What are your thoughts on Ed Solomon as a director?
I think that if he wants to continue to direct, I think that he'll turn into one of the good ones because he has this learning ability. He's in learning mode and [catching] on to what it takes to direct. The danger in being a writer/director is coming together with other people with other ideas and trying to impose that on them. You don't want a writer on the set. You've written it, we read it, we get it. You have to go away because what I get, you might not have ever have seen while you were creating [the script], and I need the latitude to perform it. Sometimes it's hard to do that with writers. Some writer/directors, particularly the one's with some mileage, get it and so they banish the writer. Others don't, you just manage to accommodate one another's needs.
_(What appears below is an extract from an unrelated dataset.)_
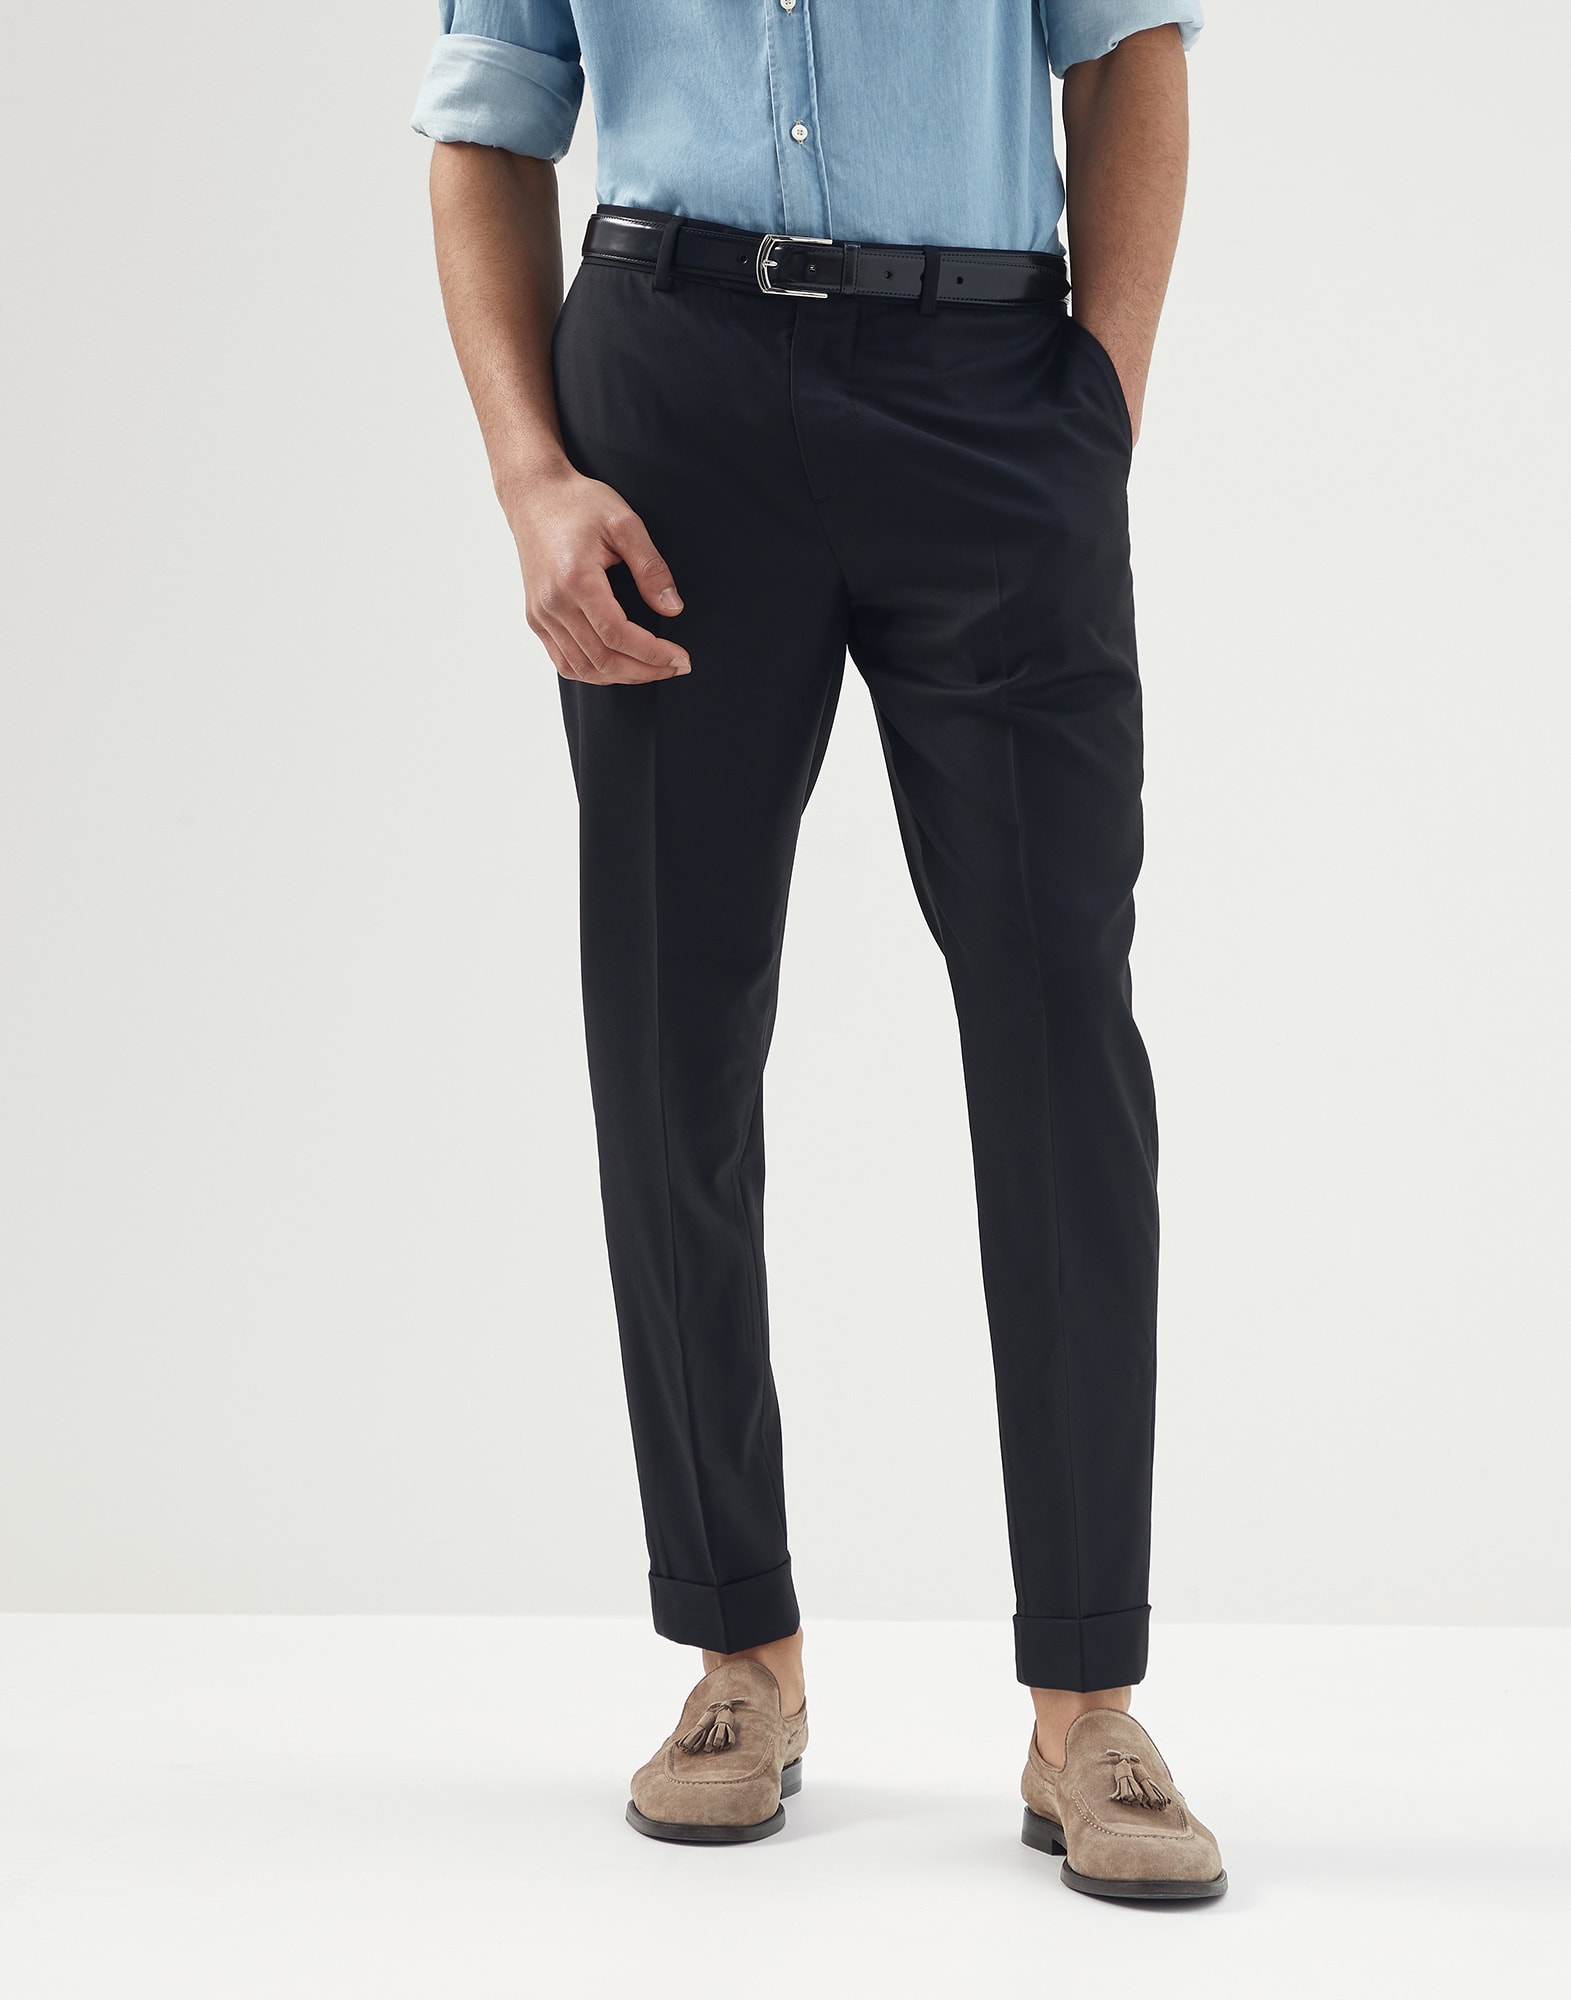 ELANHOOD Men's Slim Fit Poly Cotton Ravishing Glamorous Formal Designer  Trouser Pant

Are you going to make more Alex Cross movies?
Oh yeah, yeah. I think that we probably have a couple in development right now. Definitely, we have script ideas in development right now.

Isn't it taking a long time? It seems like there should be one a year.
It seems like [that], but it's a lot more difficult than that, and you don't want to. You don't want them to be too prolific. It's better to leave people wanting more than have them saying, "Enough."

Will there be a follow-up to "Seven?"
There is no sequel to "Seven."

Do you get asked that sequel question a lot?
Oh yes, at every one of these [press junkets]. The answer is always the same. There is no sequel to "Seven" in any manner that I know about. If there is going to be a sequel to "Seven" and I'm supposed to be involved, then it would seem to me that I would know about it.

In "Bruce Almighty" you play God. What's it like to play that role?
It's no different than if I was acting as some Colonel in some military operation. It's no different than acting anything. You're pretending to be something you're not, no different. If it's on the page, it's easy to do.

What does having a star on the Walk of Fame mean to you?
How to quantify that? I was asked by someone on the day of, and he said, "You've probably been waiting all of your life for this." I said, "Truthfully, no. This isn't something that you wait for. This is a gift." Having a star on the Walk of Fame, it's one of those acknowledgements that you are where you belong. "Welcome to the Pantheon, people have gotten here and stayed a minute longer than fifteen." [Laughing] It feels good, it feels very good.